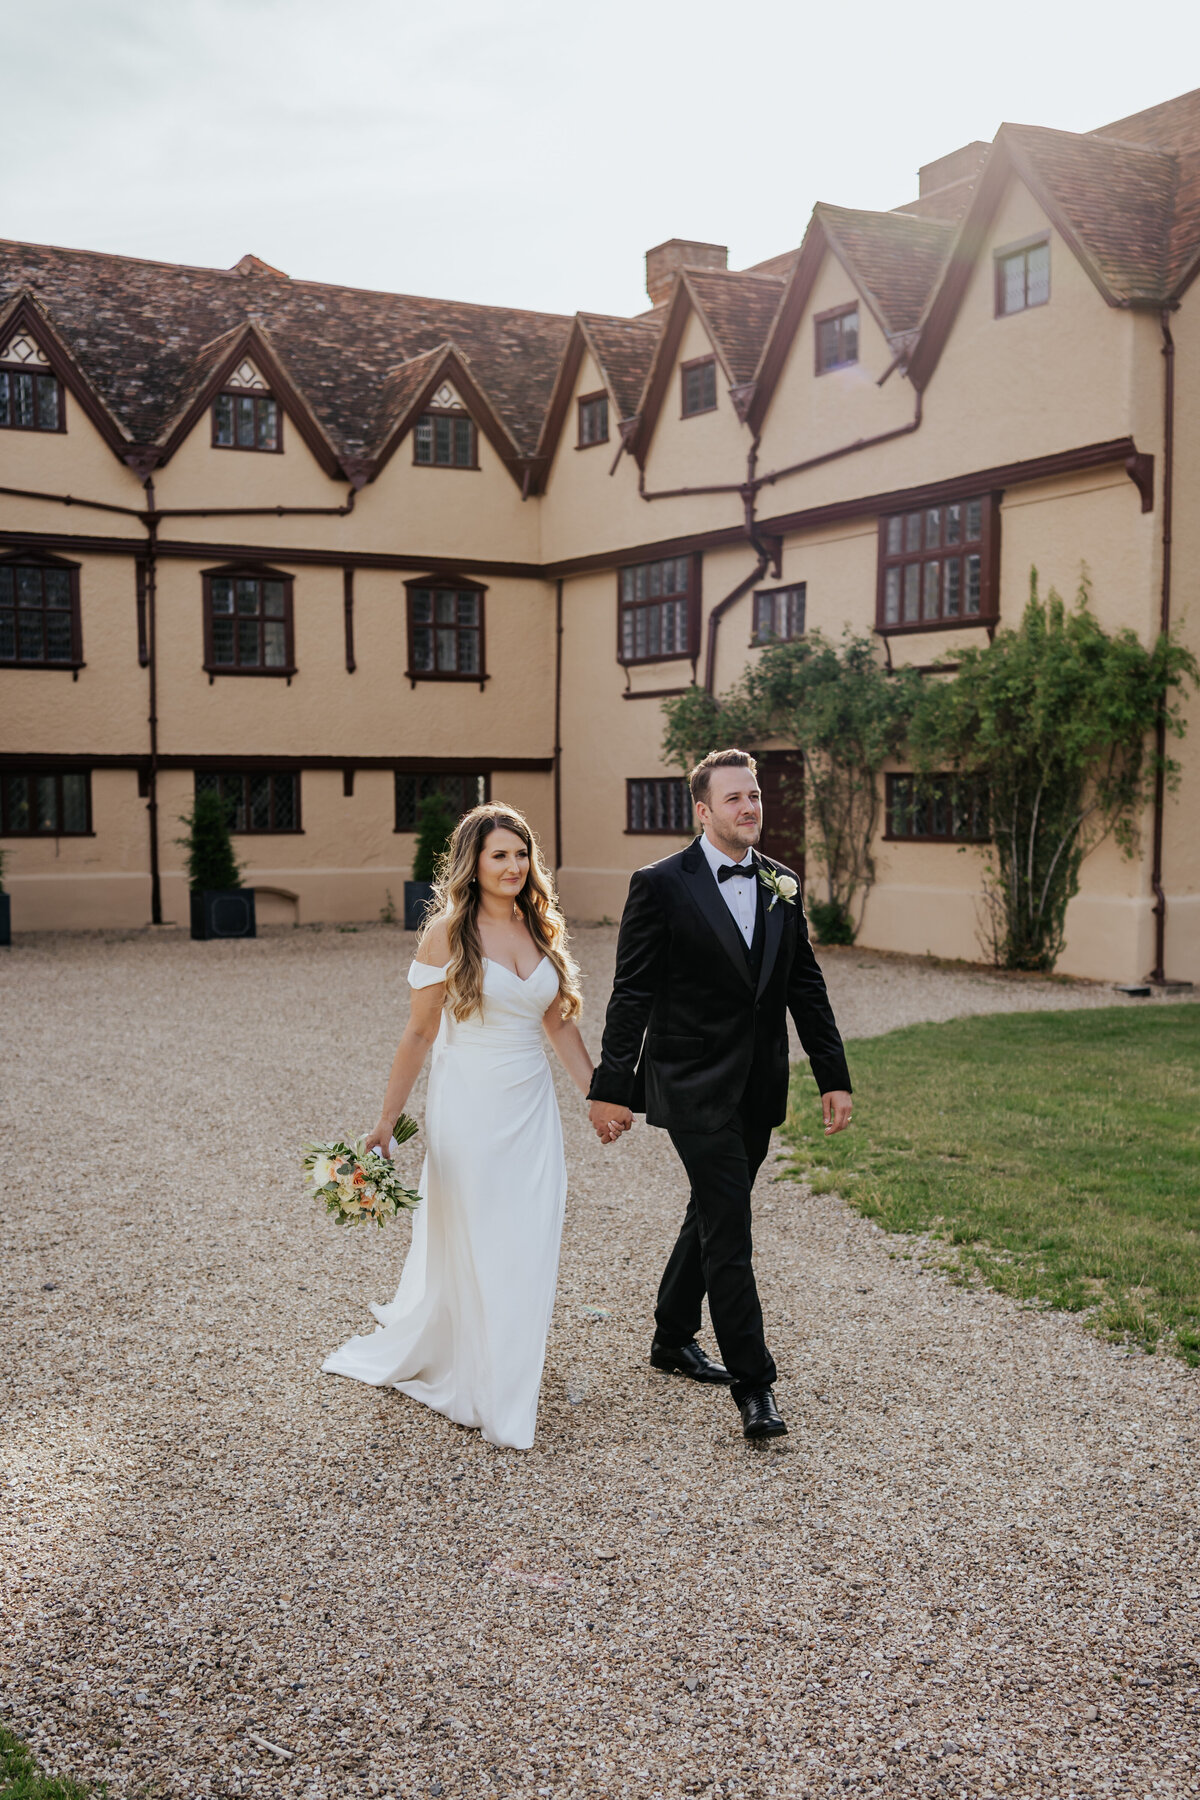 Bride and groom walk holding hands, walking away from the tudor house at Ufton Court at golden hour
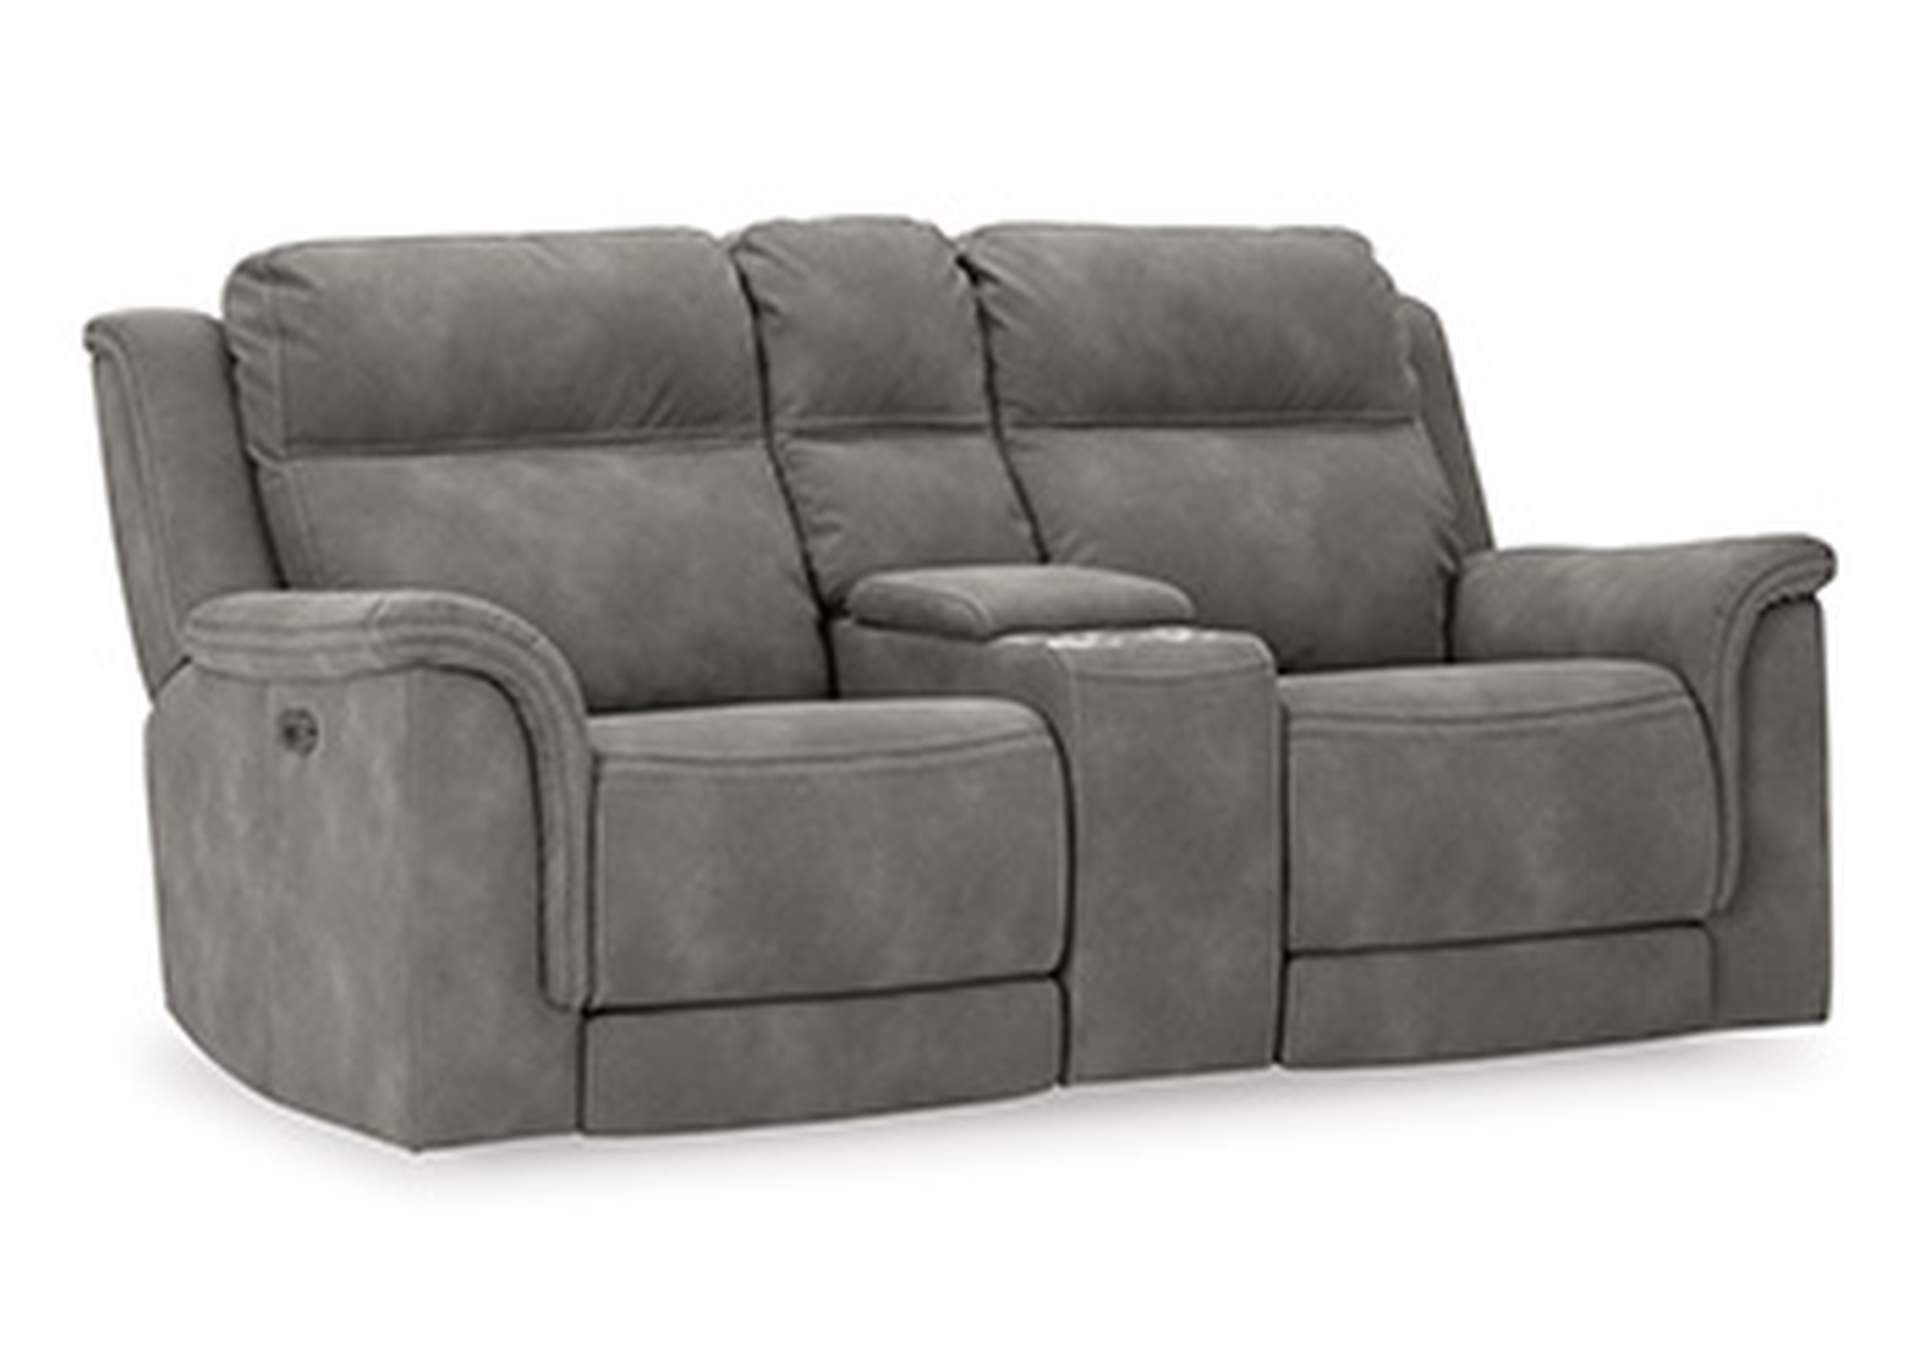 Next-Gen DuraPella 3-Piece Sectional with Recliner,Signature Design By Ashley
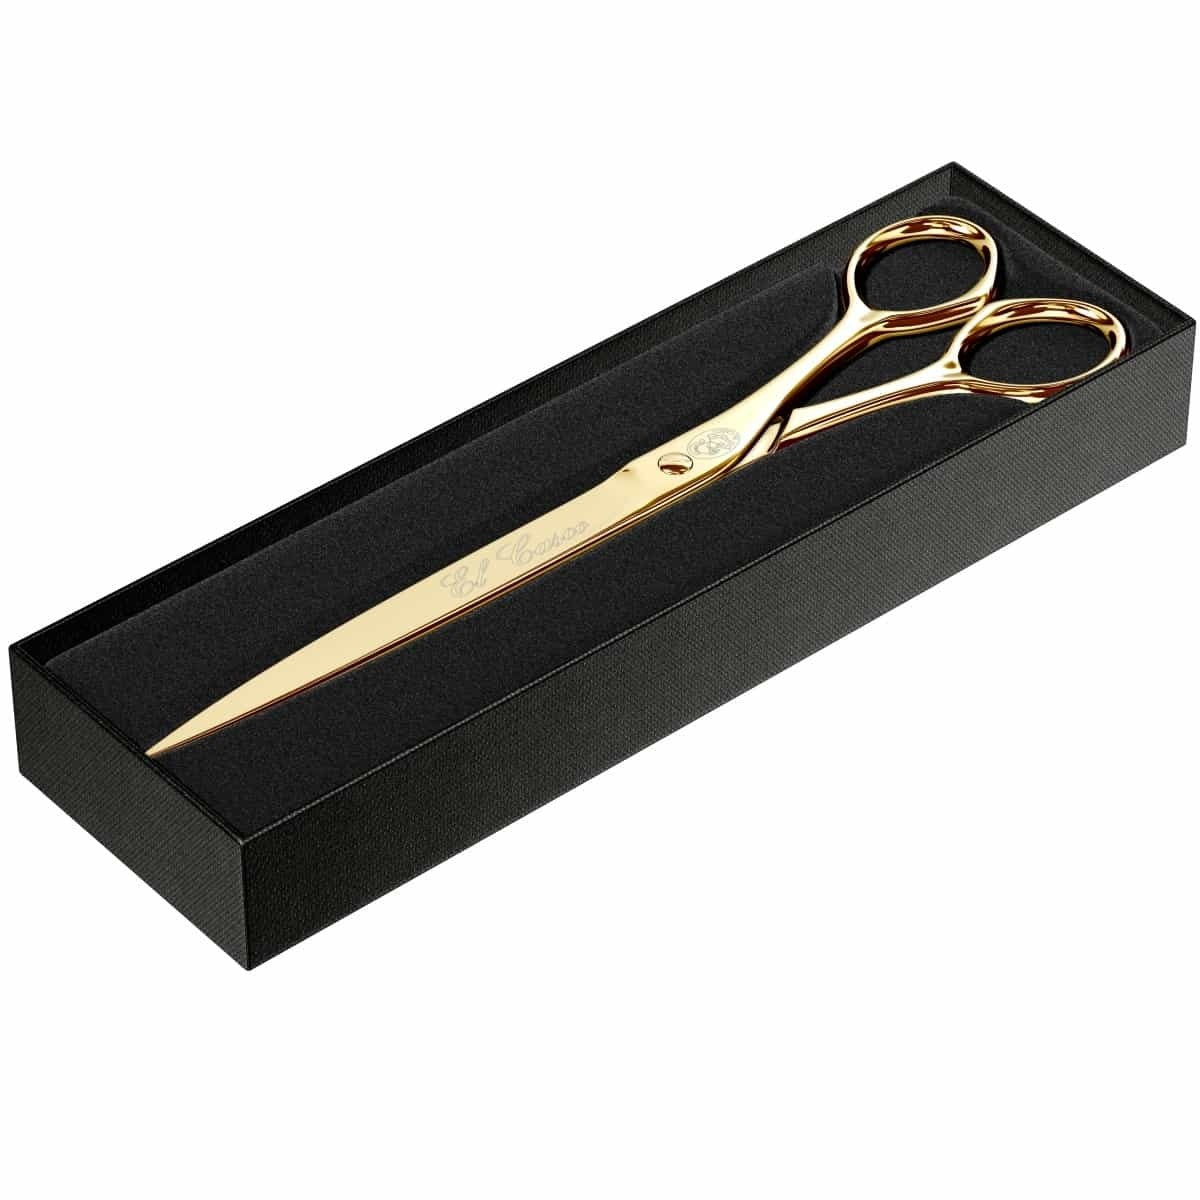 Gold Gold-Plated Scissors by El Casco

Task item
Return the data exactly as it stands, minus the pictures.

Solution to this problem
 Bride and groom walk holding hands, walking away from the tudor house at Ufton Court at golden hour
 Next-Gen DuraPella 3-Piece Sectional with Recliner,Signature Design By Ashley
 Gold Gold-Plated Scissors by El Casco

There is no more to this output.